In Pakistan we observe no serious or coordinated effort to combat the ideological stances presented in such literature. Secular forces try to combat it but with wrong methodology and intentions. However, there is no public policy to combat the ideology of terrorism.

 

The third important dimension is penetration of Al-Qaeda in Pakistan. The role of Al-Qaeda in the last one decade decreased in Afghanistan and increased in Pakistan. Al-Qaeda does not enjoy the same degree of influence on the Taliban in Afghanistan. It has active and vibrant franchises groups in Pakistan. Due to tight control and proactive policies in Western and Arab states, Al-Qaeda concentrated on Pakistan for its survival and growth. Al-Qaeda gives much importance to Pakistani policies against terrorism, and for all their terrorist activities they act upon the slogan of Pakistan First!

 

The fourth factor is the misuse of religion in the name of politics. The majority of religious parties in Pakistan, instead of spreading awareness, prefer to use religious sentiments for political mileage. Such parties mobilise their followers on the basis of sectarian fault lines. They thrust the once academic discourse of sectarian and legal divide to the level of popular debate and all this results in mutual hatter and ultimate disbelief of voters over them.

 

The fifth and perhaps the most embarrassing dimension is absence of any national combat policy. Even after ten years of 9/11, unlike many nations of the world, we don’t have any mechanism against terrorism.

 

We lack a coordination body like the Homeland Security Department of the US. So in most cases our different agencies follow policies of their own. The frontline force, the police, are kept uninformed about counterterrorism activities. At the operational level, we still have no coordinated system where intelligence-sharing could be actualised among different law-enforcement and counterterrorism agencies.

 

The last, and perhaps the most cited, dimension is poverty.
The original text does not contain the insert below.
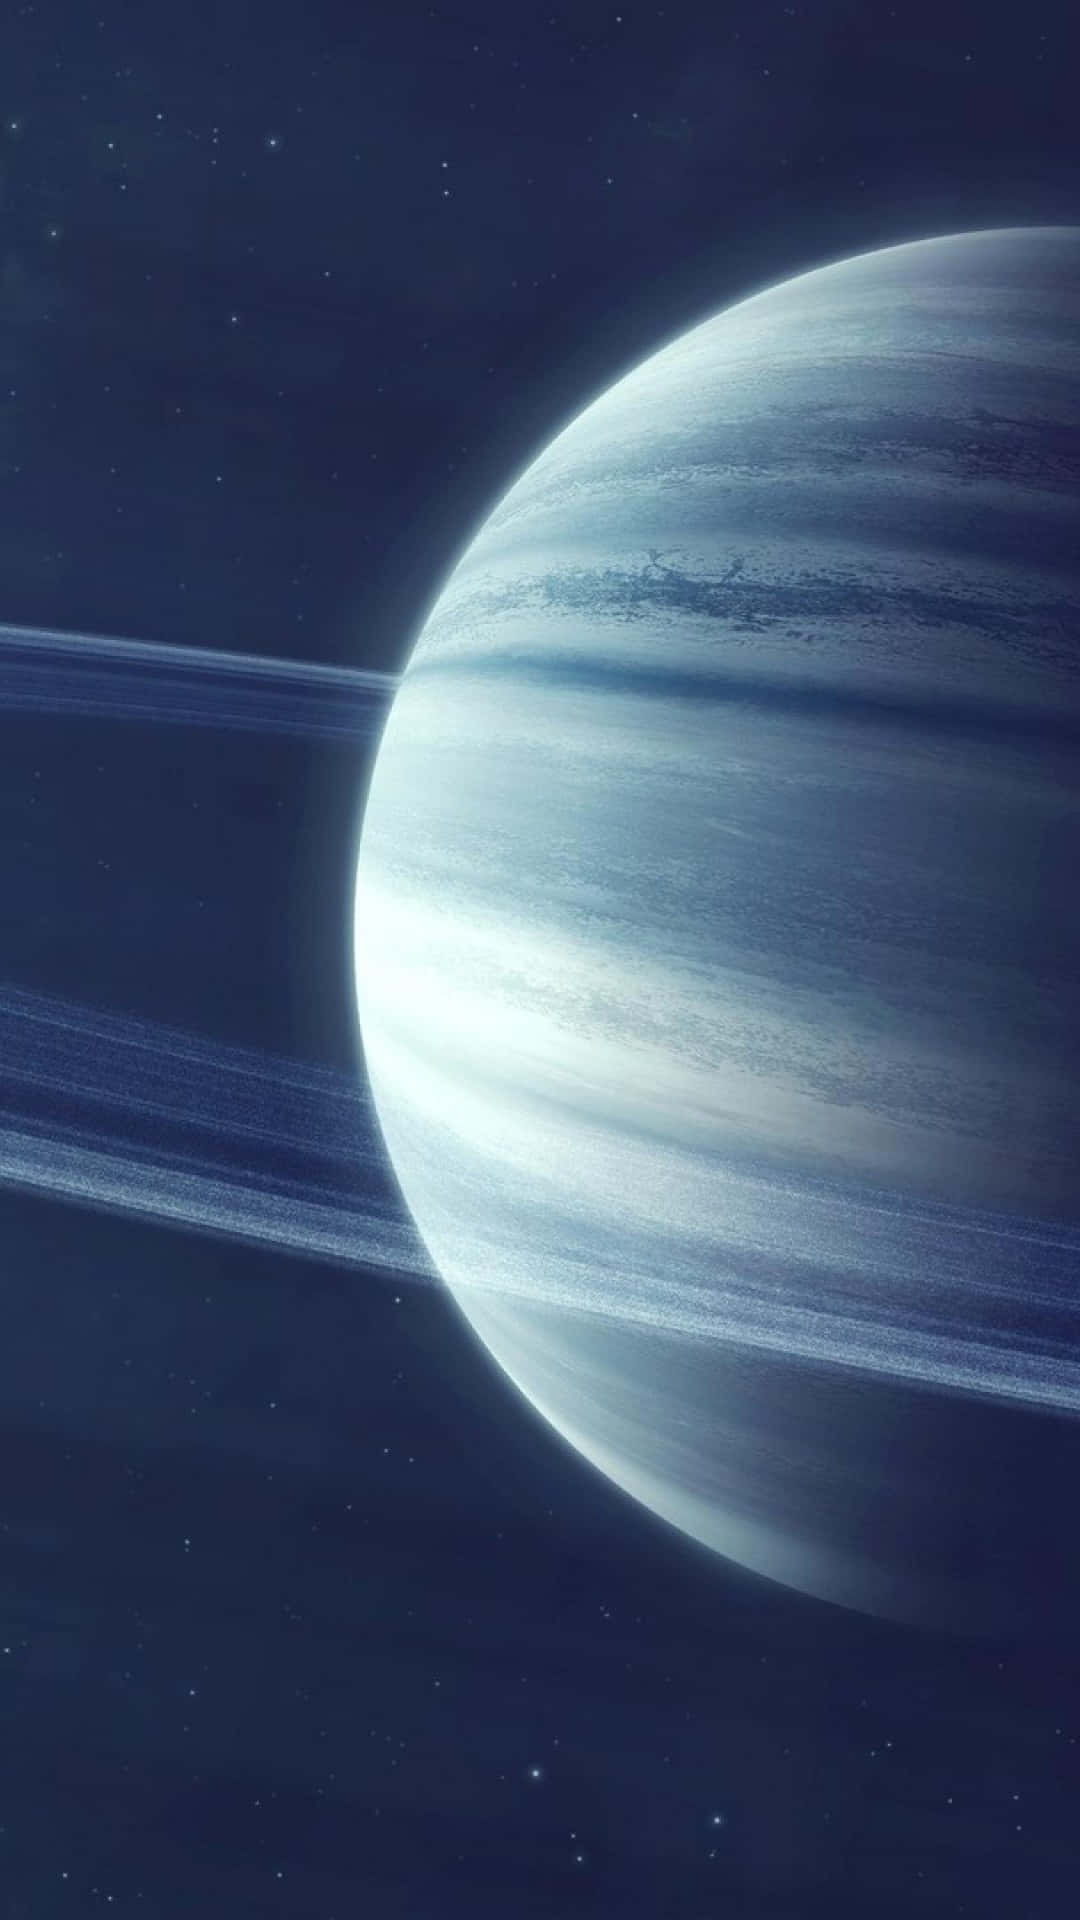 Saturnomajestuoso En El Espacio Exterior.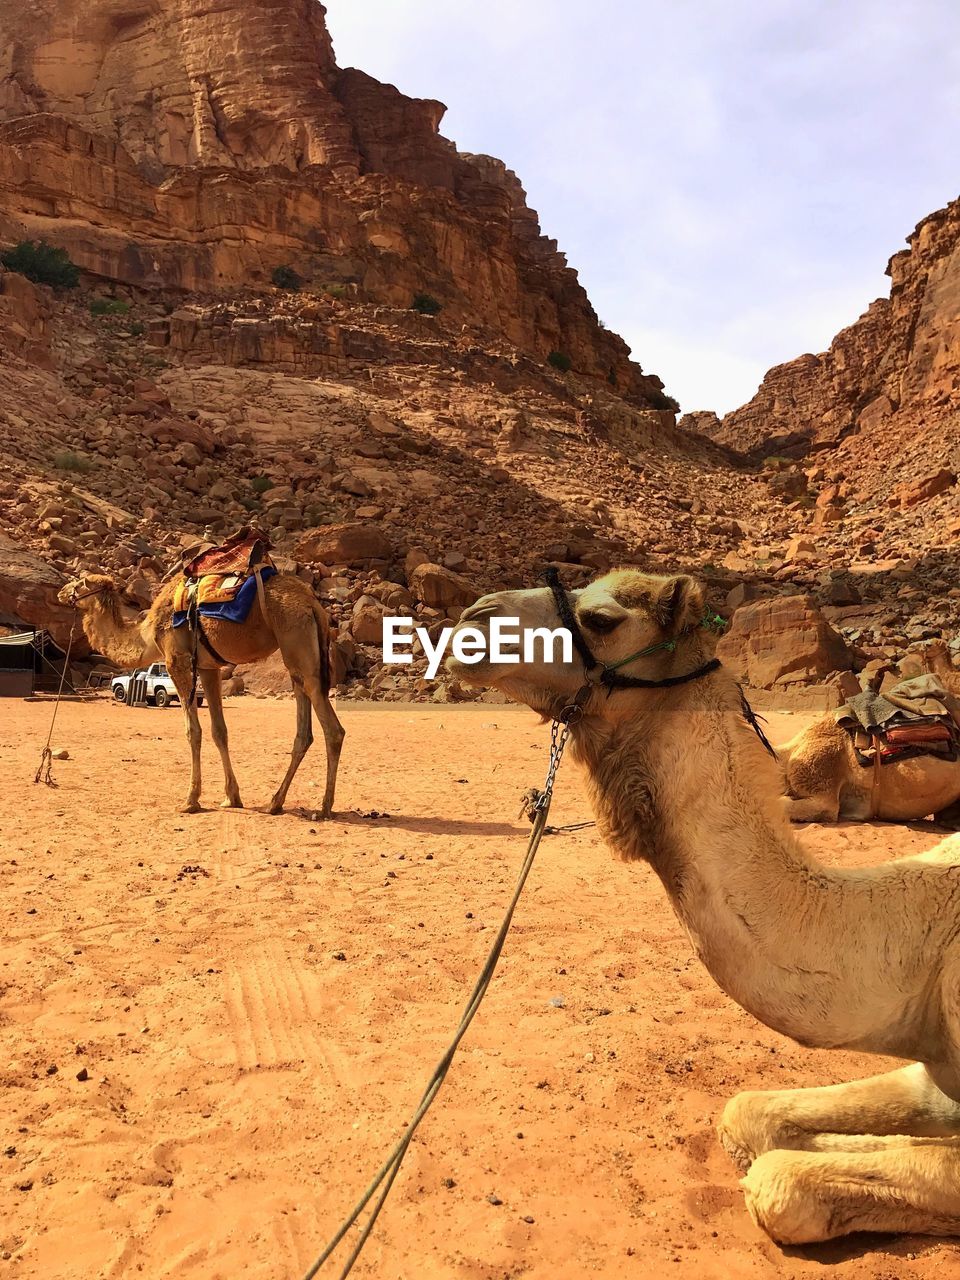 Camels in wadi rum desert in jordan

Poverty, coupled with joblessness, lawlessness and bad governance, results in a situation where terrorist and extremist organisations get maximum benefit and government fails in attaining popular support.

 

Keeping in view all the six dimensions listed above, one could not refute the fact that Pakistan’s number-one problem is terrorism and extremism. The more logical outcome of such a situation could be the focus of all state organs and the media on this issue.

 

However, what we observe is preparation for new elections in Pakistan. New parties are formed and old chaps from old parties are borrowed. In desperation, old parties are trying everything for their survival. The NRO, the possible exit of some leader or Memogate are discussed in details and with vigour. Mansoor Ijaz publishes a worthless piece in a Western paper, and influences all politicians and the media in no time. The ground realties are grim and serious.